Heterogeneous computing
Heterogeneous computing refers to systems that use more than one kind of processor or core. These systems gain performance or energy efficiency not just by adding the same type of processors, but by adding dissimilar coprocessors, usually incorporating specialized processing capabilities to handle particular tasks.
Heterogeneity
Usually heterogeneity in the context of computing refers to different instruction-set architectures, where the main processor has one and other processors have another - usually a very different - architecture, not just a different microarchitecture.In the past heterogeneous computing meant different ISAs had to be handled differently, while in a modern example, Heterogeneous System Architecture systems eliminate the difference while using multiple processor types, usually on the same integrated circuit, to provide the best of both worlds: general GPU processing, while CPUs can run the operating system and perform traditional serial tasks.
The level of heterogeneity in modern computing systems is gradually increasing as further scaling of fabrication technologies allows for formerly discrete components to become integrated parts of a system-on-chip, or SoC. For example, many new processors now include built-in logic for interfacing with other devices, as well as programmable functional units and hardware accelerators.

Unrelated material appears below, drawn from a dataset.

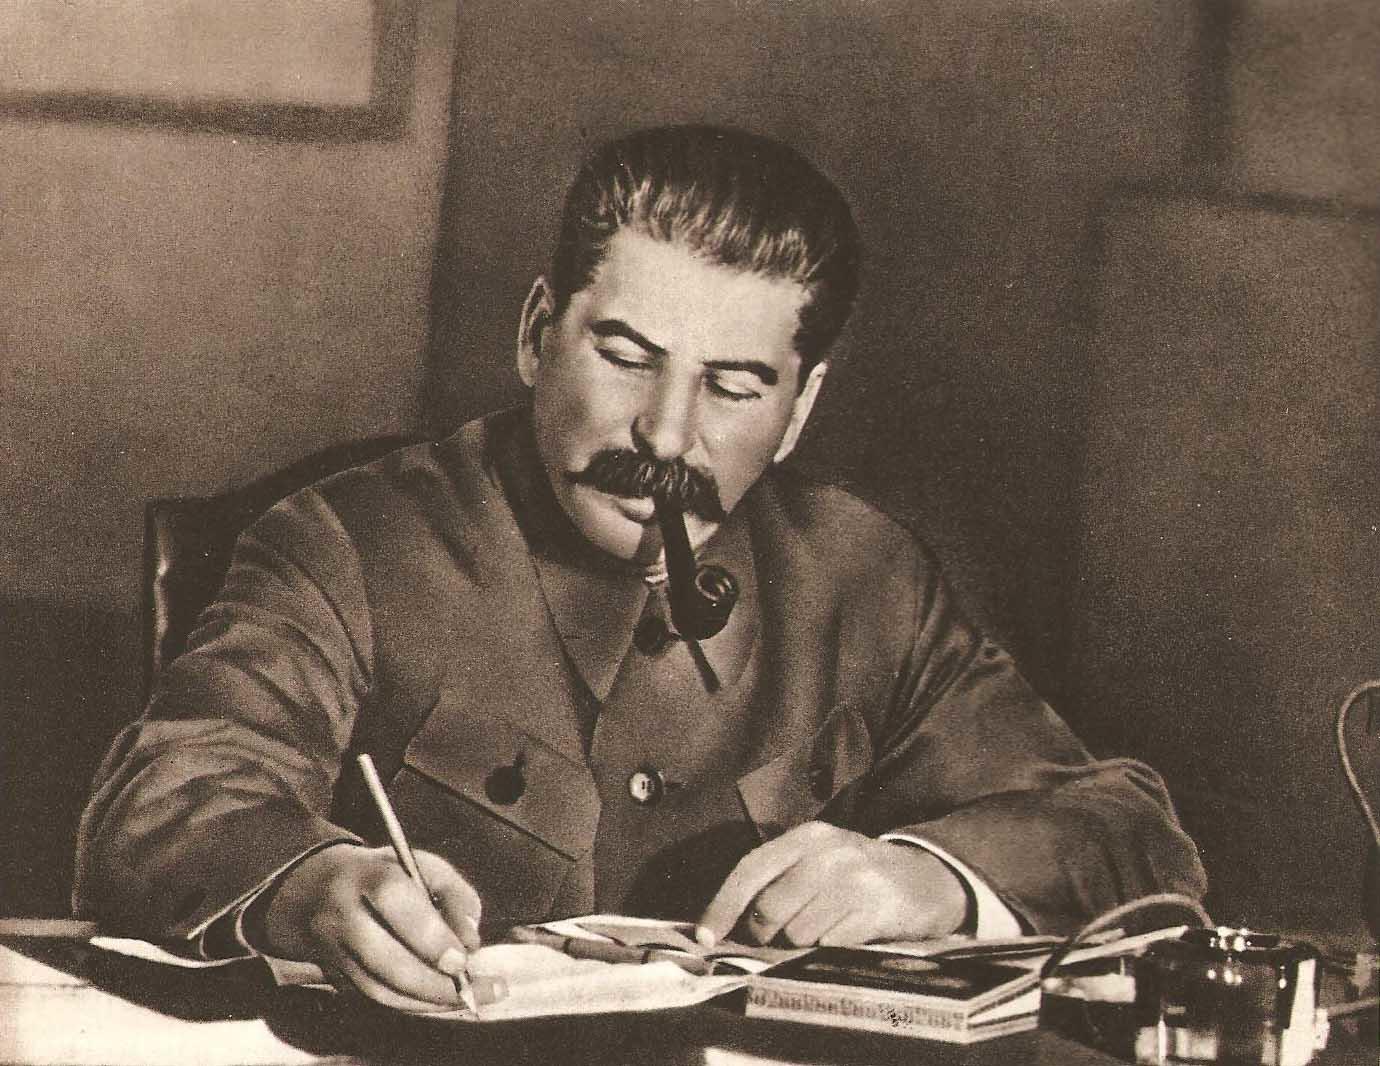 О претензиях англосаксов на мировое господство Иосиф Виссарионович Сталин | Блог Rif | КОНТ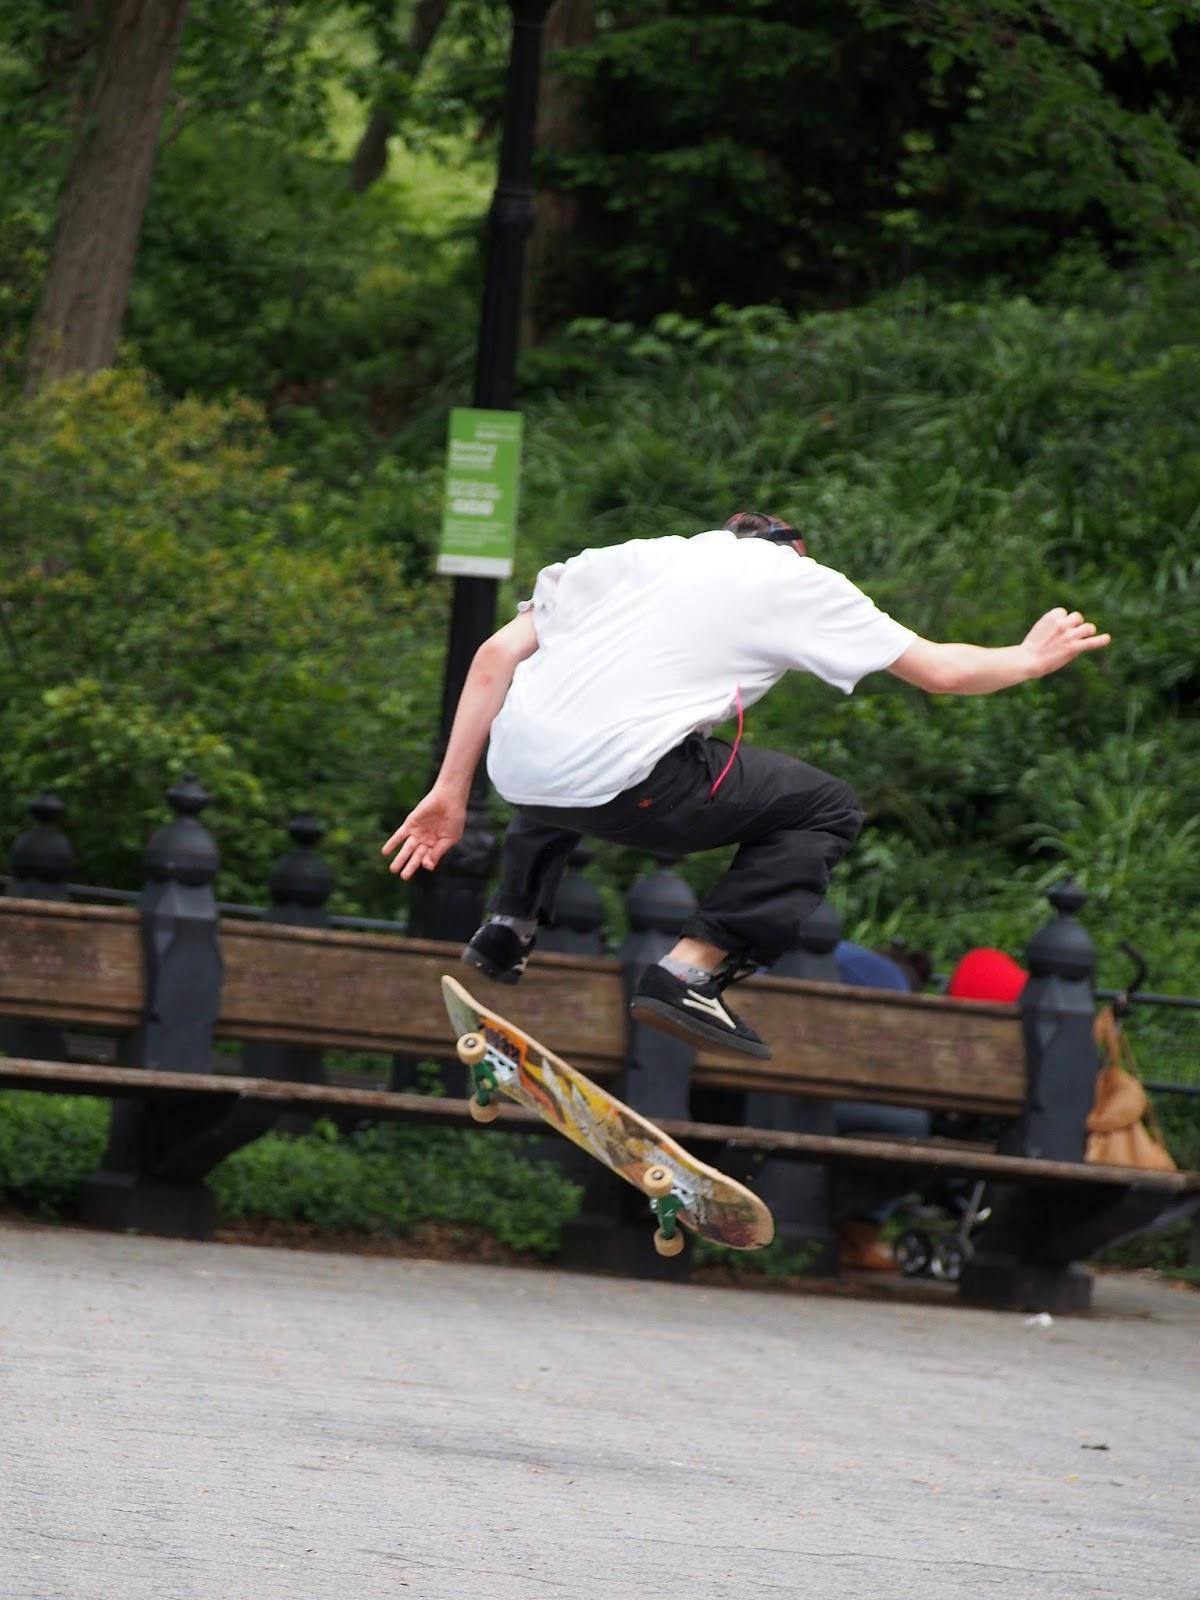 Jump #skaterboarder #nyc #nycstreetscenes 2014

Recent findings show that a heterogeneous-ISA chip multiprocessor that exploits diversity offered by multiple ISAs can outperform the best same-ISA homogeneous architecture by as much as 21% with 23% energy savings and a reduction of 32% in Energy Delay Product. AMD's 2014 announcement on its pin-compatible ARM and x86 SoCs, codename Project Skybridge,
suggested a heterogeneous-ISA chip multiprocessor in the making.
Heterogeneous CPU topology
A system with heterogeneous CPU topology is a system where the same ISA is used, but the cores themselves are different in speed. The setup is more similar to a symmetric multiprocessor. There are typically two types of cores: a higher performance core usually known as a "big" or P-core and a more power efficient core usually known as a "small" or E-core. The terms P- and E-cores are usually used in relation to Intel's implementation of hetereogeneous computing, while the terms big and little cores are usually used in relation to the ARM architecture. Some processors have three categories of core, prime, performance and efficiency cores, with prime cores having higher performance than performance cores; a prime core is known as "big", a performance core is known as "medium", and an efficiency core is known as "small".A common use of such topology is to provide better power efficiency, especially in mobile SoCs.
- ARM big.LITTLE is the prototypical case, where faster high-power cores are combined with slower low-power cores.
- Apple has produced Apple silicon SoCs with similar organization.
- Intel has also produced hybrid x86-64 chips codenamed Lakefield, although not without major limitations in instruction set support. The newer Alder Lake reduces the sacrifice by adding more instruction set support to the "small" core.
Challenges
Heterogeneous computing systems present new challenges not found in typical homogeneous systems. The presence of multiple processing elements raises all of the issues involved with homogeneous parallel processing systems, while the level of heterogeneity in the system can introduce non-uniformity in system development, programming practices, and overall system capability. Areas of heterogeneity can include:; ISA or instruction-set architecture
; ABI or application binary interface
; API or application programming interface
; Low-Level Implementation of Language Features
; Memory Interface and Hierarchy
; Interconnect
; Performance
;Development tools
;Data Partitioning
Example hardware
Heterogeneous computing hardware can be found in every domain of computing—from high-end servers and high-performance computing machines all the way down to low-power embedded devices including mobile phones and tablets.- High Performance Computing
- * Cydra-5
- * Cray XD1
- * SRC Computers SRC-6 and SRC-7
- Embedded Systems
- *Texas Instruments OMAP
- * Analog Devices Blackfin
- *Qualcomm Snapdragon
- *Nvidia Tegra
- *Samsung Exynos
- *Apple "A" series
- *Movidius Myriad Vision processing units, which includes several symmetric processors, complemented by fixed function units, and a pair of SPARC based controllers.
- *HiSilicon Kirin SoCs
- *MediaTek SoCs
- *Cadence Design Systems Tensilica DSPs
- Reconfigurable Computing
- * Xilinx Field-programmable gate array and Zynq and Versal Platforms
- * Intel "Stellarton"
- Networking
- * Intel IXP Network Processors
- General Purpose Computing, Gaming, and Entertainment Devices
- *Intel Sandy Bridge, Ivy Bridge, and Haswell CPUs
- * AMD Excavator and Ryzen APUs
- * IBM Cell, found in the PlayStation 3
- ** SpursEngine, a variant of the IBM Cell processor
- * Emotion Engine, found in the PlayStation 2
- *ARM big.LITTLE/DynamIQ CPU architecture
- ** Nearly all ARM vendors offer heterogeneous solutions; ARM, Qualcomm, Nvidia, Apple, Samsung, HiSilicon, MediaTek, etc.